SÃO PAULO, BRAZIL – The United States Ambassador to Brazil, Thomas Shannon, was summoned on Monday to a meeting with Brazil’s Communications Minister Paulo Bernardo over allegations that the United States’ National Security Agency (NSA) monitored millions of emails and telephone calls made in Brazil over the past decade. 

Rousseff Vows Action on U.S. Spying, Rio de Janeiro, Brazil News
Brazilian President Dilma Rousseff said the allegations could amount to a violation of sovereignty and human rights, photo by Fabio Rodrigues Pozzebom/ABr.

Shannon is reported to have denied the allegations, but Bernardo said he was “in no doubt” that Brazilian citizens and institutions had been targeted by U.S. surveillance programs.

Speaking to reporters after the meeting, Shannon said the U.S. surveillance program “had not been presented correctly,” without elaborating on his comment.

Other than the ambassador’s brief comments today, the U.S. has said only that it would discuss the matter through official channels.

President Dilma Rousseff has demanded an investigation and said that, if true, the allegations could amount to violation of sovereignty and human rights and would raise the issue with the United Nations.

The allegations were originally published on Sunday in O Globo newspaper on the basis of information allegedly compiled by former NSA contractor Edward Snowden, who is currently on the run from the U.S. authorities and seeking political asylum.
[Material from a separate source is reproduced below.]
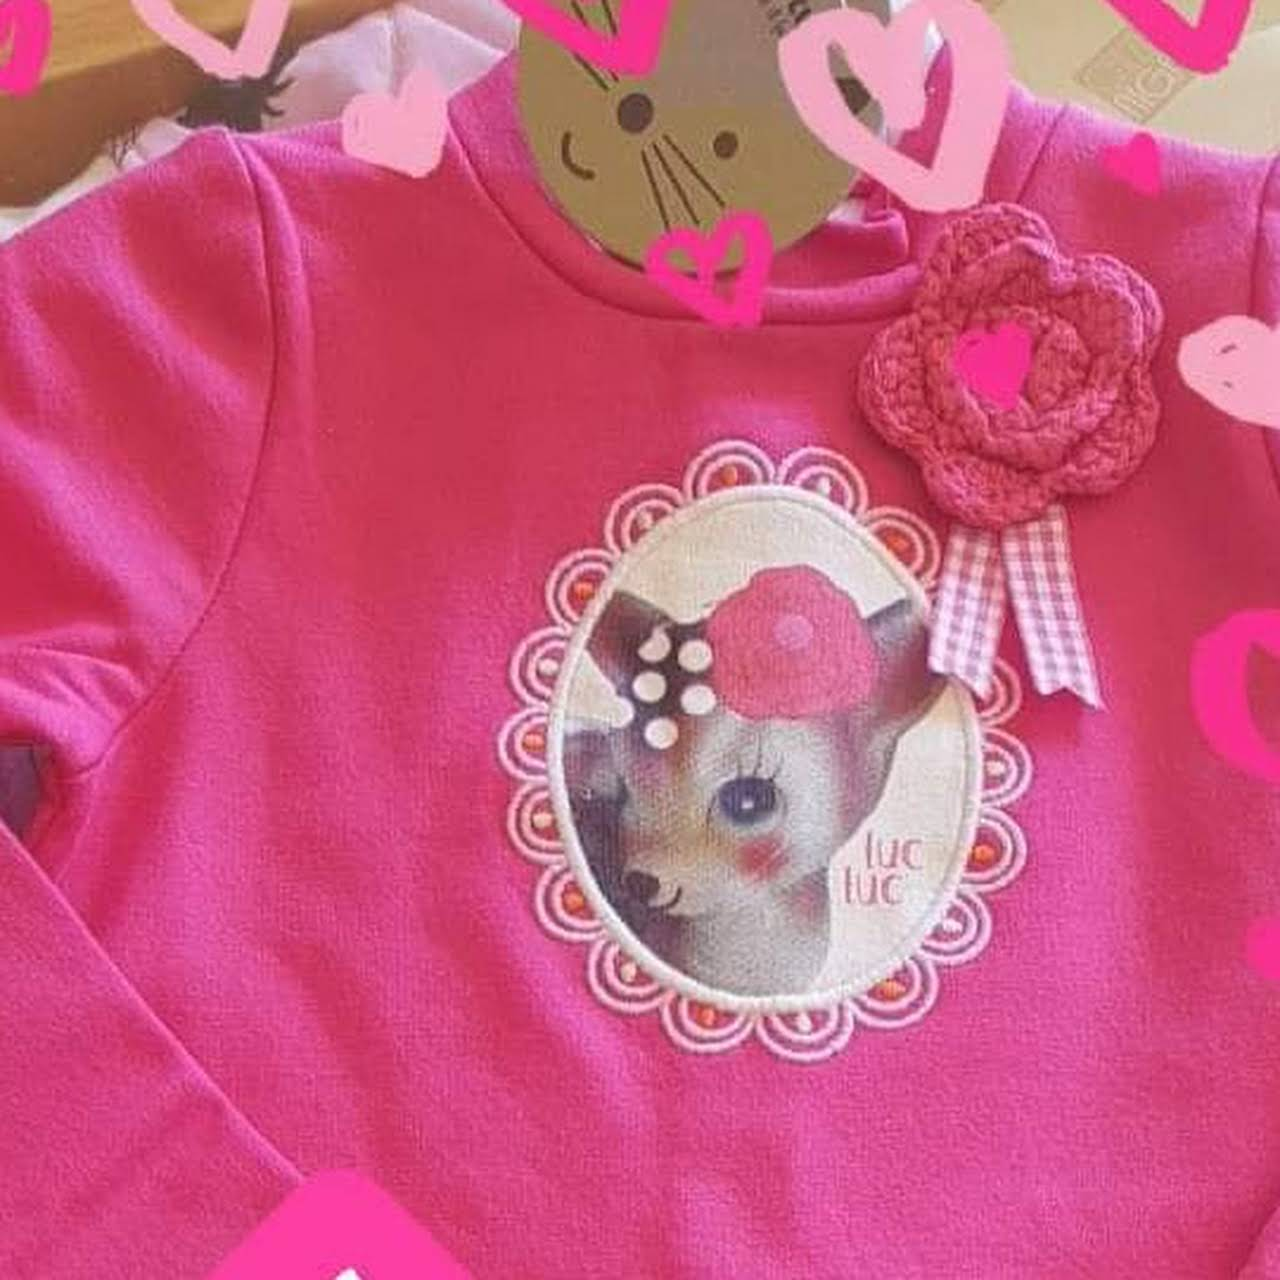 c158429e265d Fairyland Παιδικη μοδα - Children's Clothing Store in Άνοιξη
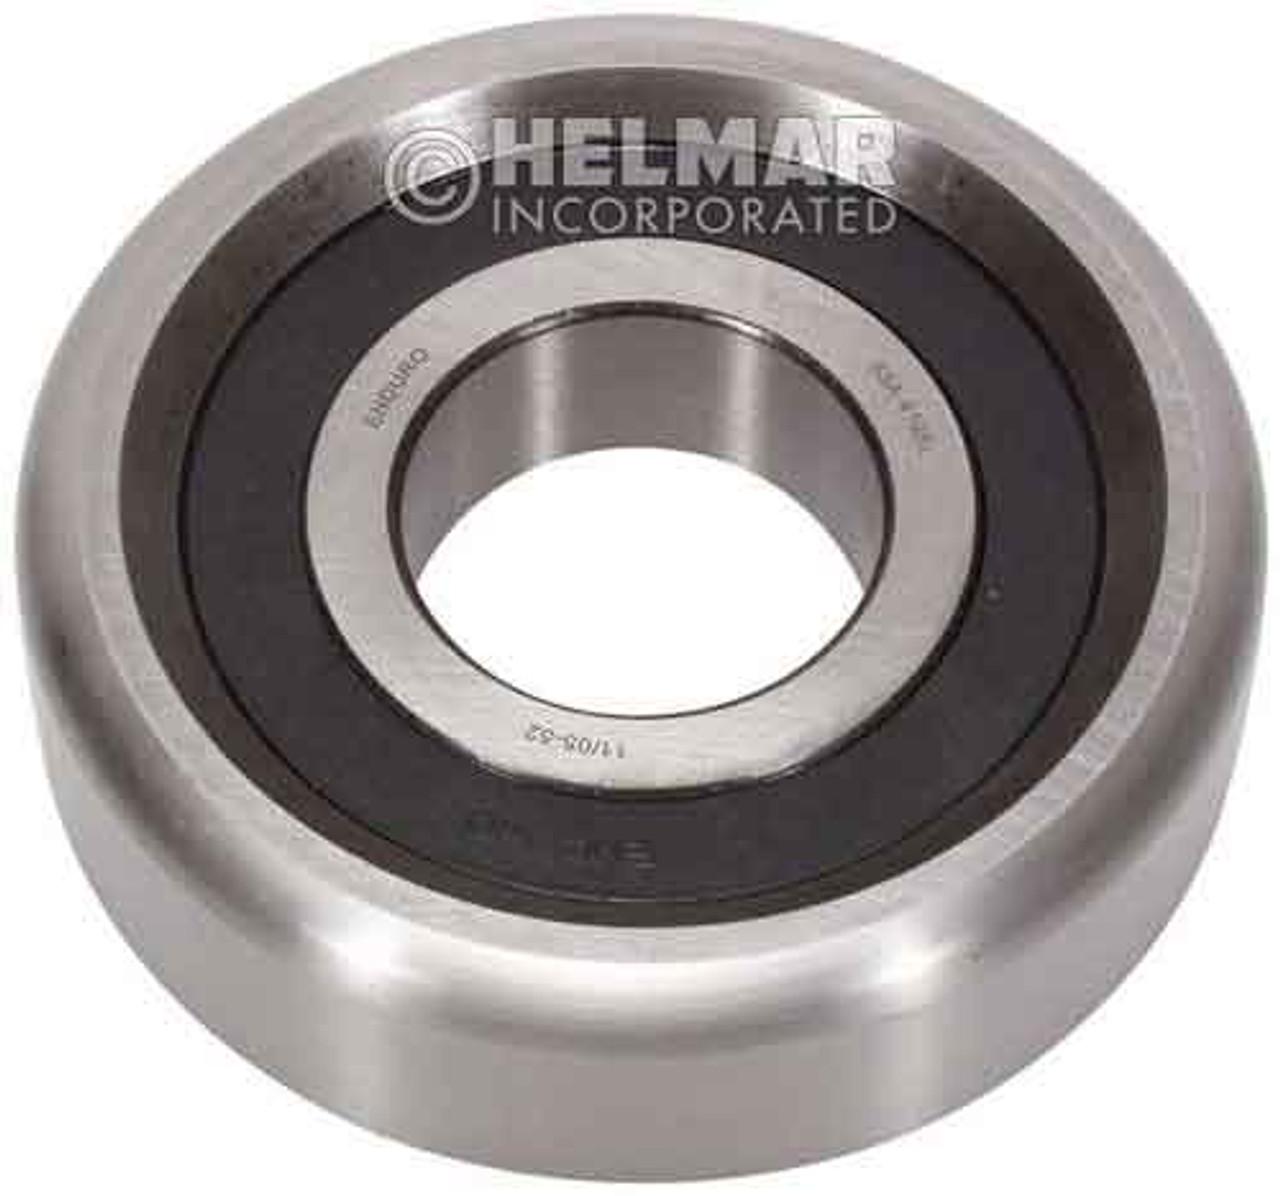 94447-11600 Mitsi/Cat Mast Roller Bearing 35.04mm Wide, 130.00mm Outer Diameter, 49.40mm Inner Diameter

Offers have already been made by Venezuela, Bolivia and Nicaragua – all fierce critics of U.S. policy.

The Federal Police and Anatel, Brazil’s telecommunications regulator, have been asked to investigate the circumstances involving the alleged monitoring and whether it happened with the support of any companies operating in Brazil.

Thomas Shannon is set to leave the position as U.S. Ambassador to Brazil later this year, most likely after President Dilma Rousseff has made a rare state visit to the United States – the first official visit by a Brazilian leader in nearly twenty years.

Reports of U.S. spying on its European allies has caused tension between European nations and the U.S. in recent weeks as well.

Read more (in Portuguese).

* The Rio Times Daily Updates feature is offered to help keep you up-to-date with important news as it happens.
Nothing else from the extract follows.